There are one dependent variable and five dependent variables in the model. Responses are collected for both dependent and independent variable using five point Likert scale. Can hierarchical regression analysis be performed ? Please Respond
I don't see why you would want to do it here. Note that with a Likert DV(ordinal) you should be thinking about Ordinal logistic Regression. See the link:
The main assumptions of hierarchical linear regression are the same as for other
forms of regression analyses. This includes that multicollinearity does not exist or is only present at very low levels (Tabachnick & Fidell, 2013); this can be
assessed using the Durbin–Watson test for independence of residuals (Field,
2013). Researchers should also check plots of standardized residuals to evaluate
for assumptions of normality, homoscedasticity, linearity, independence of errors, and absence of outliers.
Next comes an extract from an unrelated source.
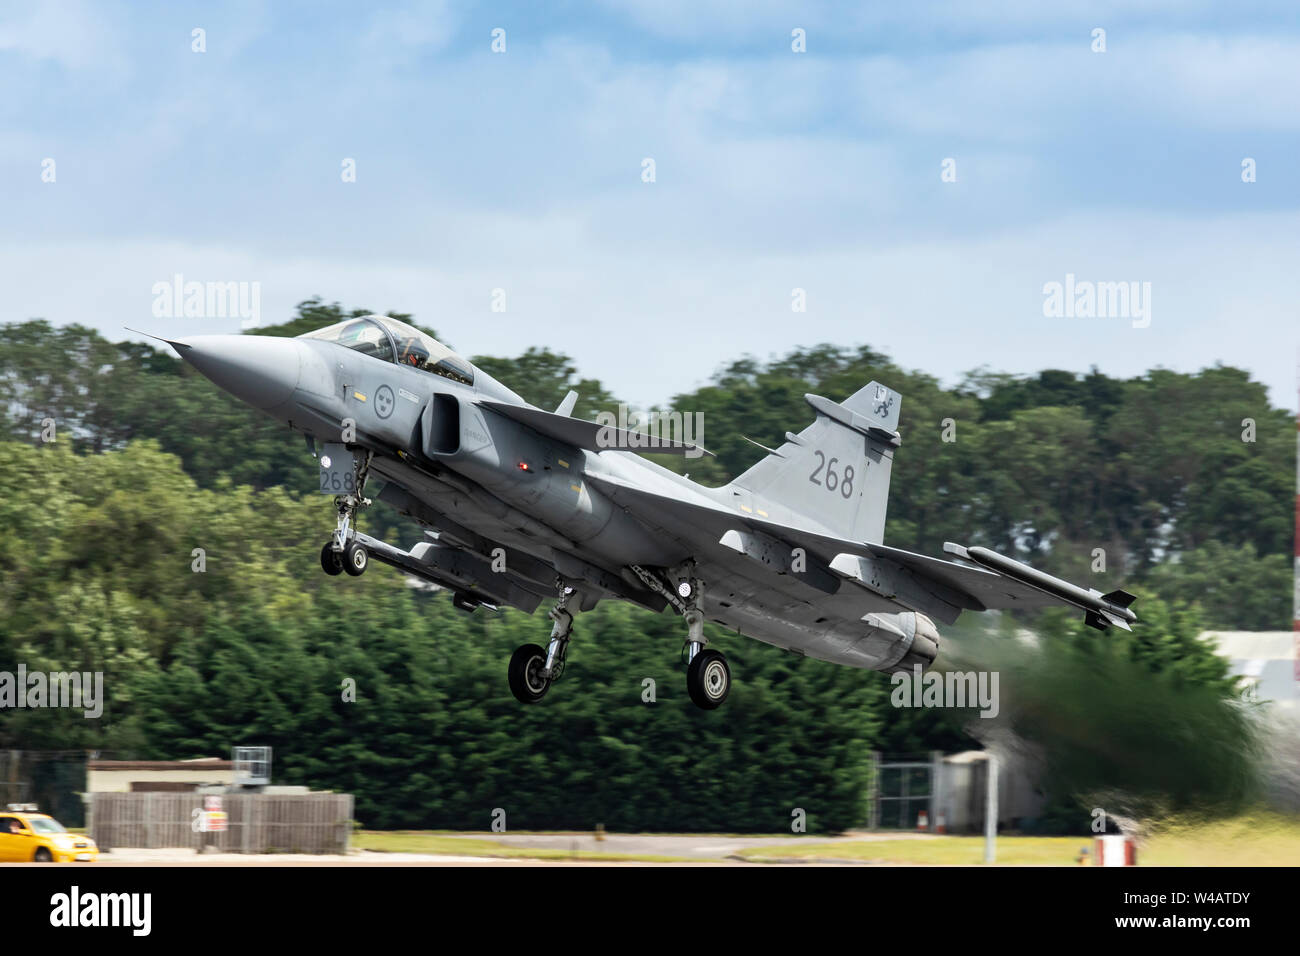 Armée de l'air suédoise Saab Gripen battant le 20 juillet 2019 à RIAT 2019, RAF Fairford, Gloucestershire, Royaume-Uni Banque D'Images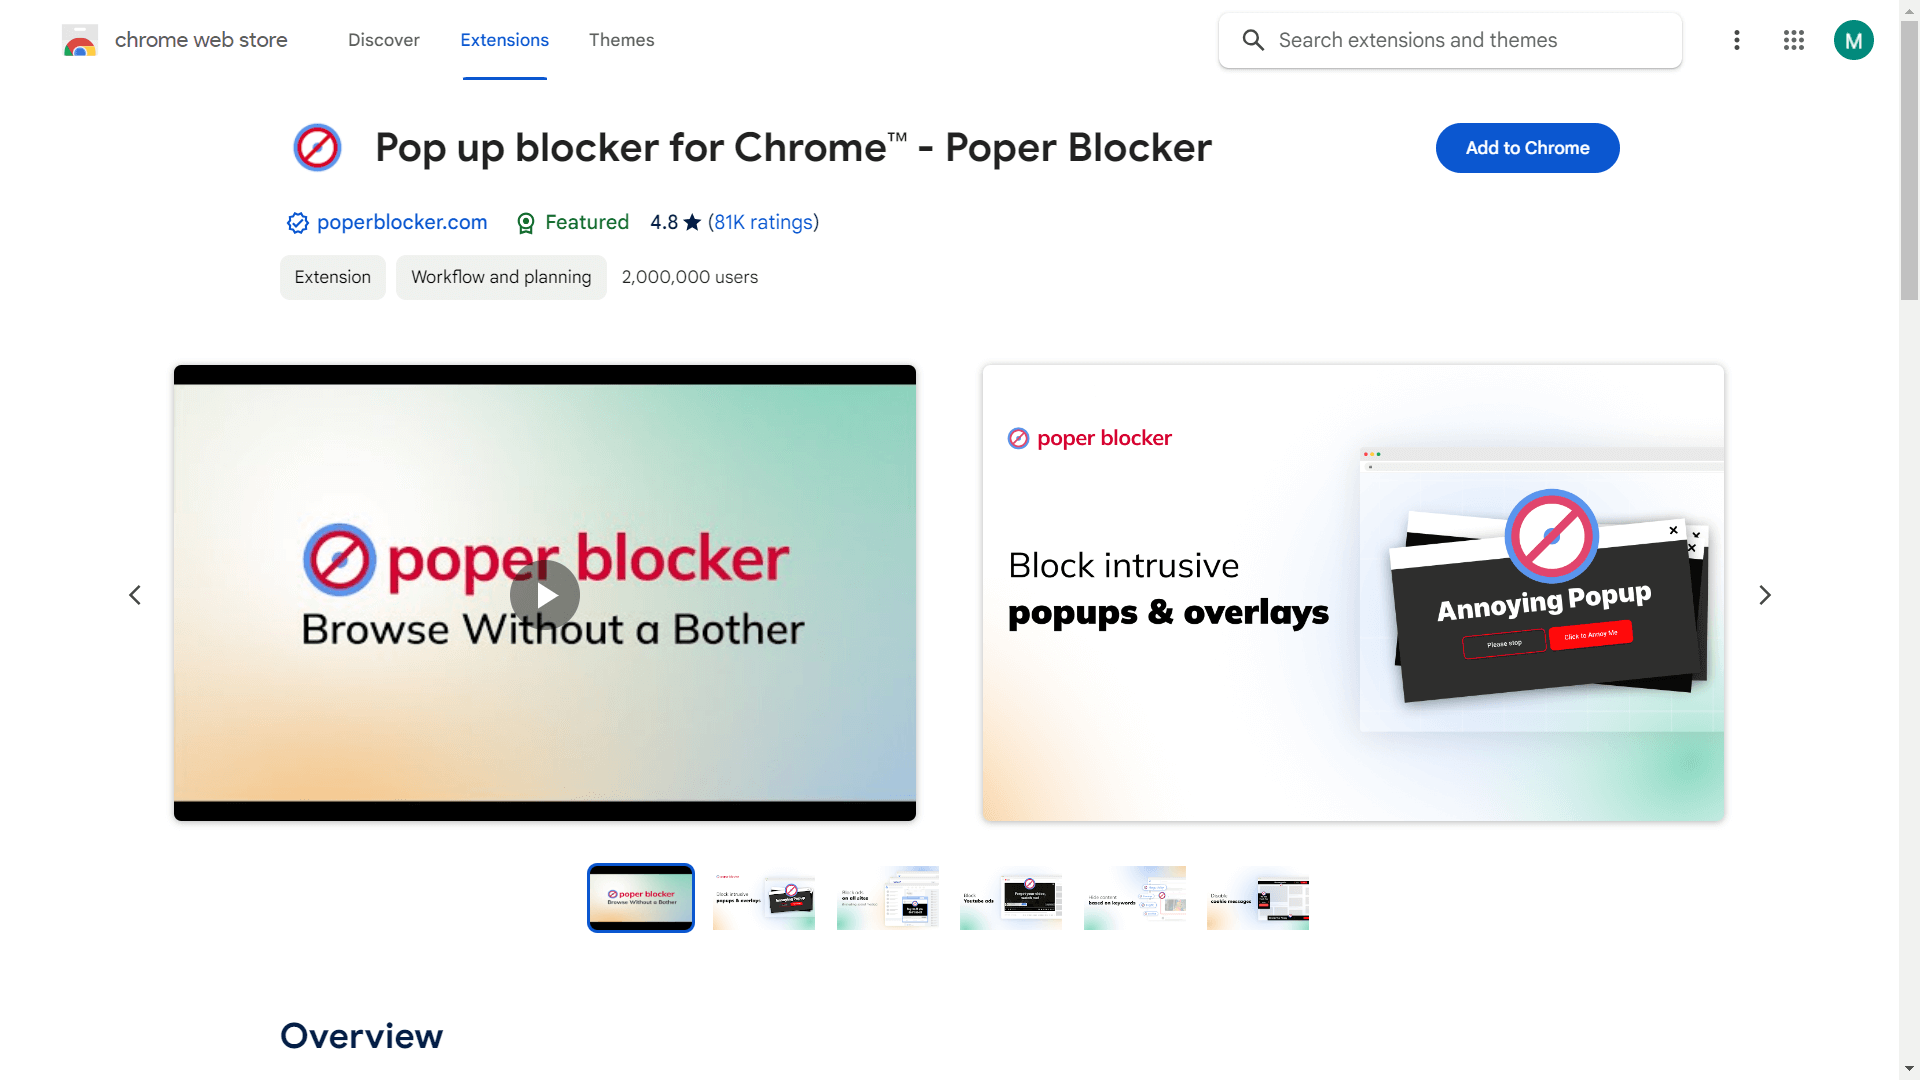 poper blocker extension

Thanks to David Eugene Booth for mentioning the appropriateness of multiple ordinal regression and Imran Anwar for clarifying on regression assumptions.
Hierarchical regression is more appropriate for model comparison for nested data when the researcher needs to account (or control) for the effect of certain IVs on the DV, before the impact of other IVs on the DV is measured. The traditional multiple linear regression presumes that all cases are independent of each other, however, in the case of nested data, the researcher determines the order of entering variables into the regression equation. For example, if x1, x2, x3, x4 and x5 are IVs and y is the DV, and the researcher needs to measure the impact of x4 and x5 on y after controlling for the effect of x1, x2 and x3, then hierarchical multiple regression would be the most appropriate method. From your dataset, if you need to compare alternative models after controlling for a-priori identified variables (from literature review), effect of which need to be controlled before the rest of IVs are entered to measure the impact on DV, then hierarchical multiple regression would be needed.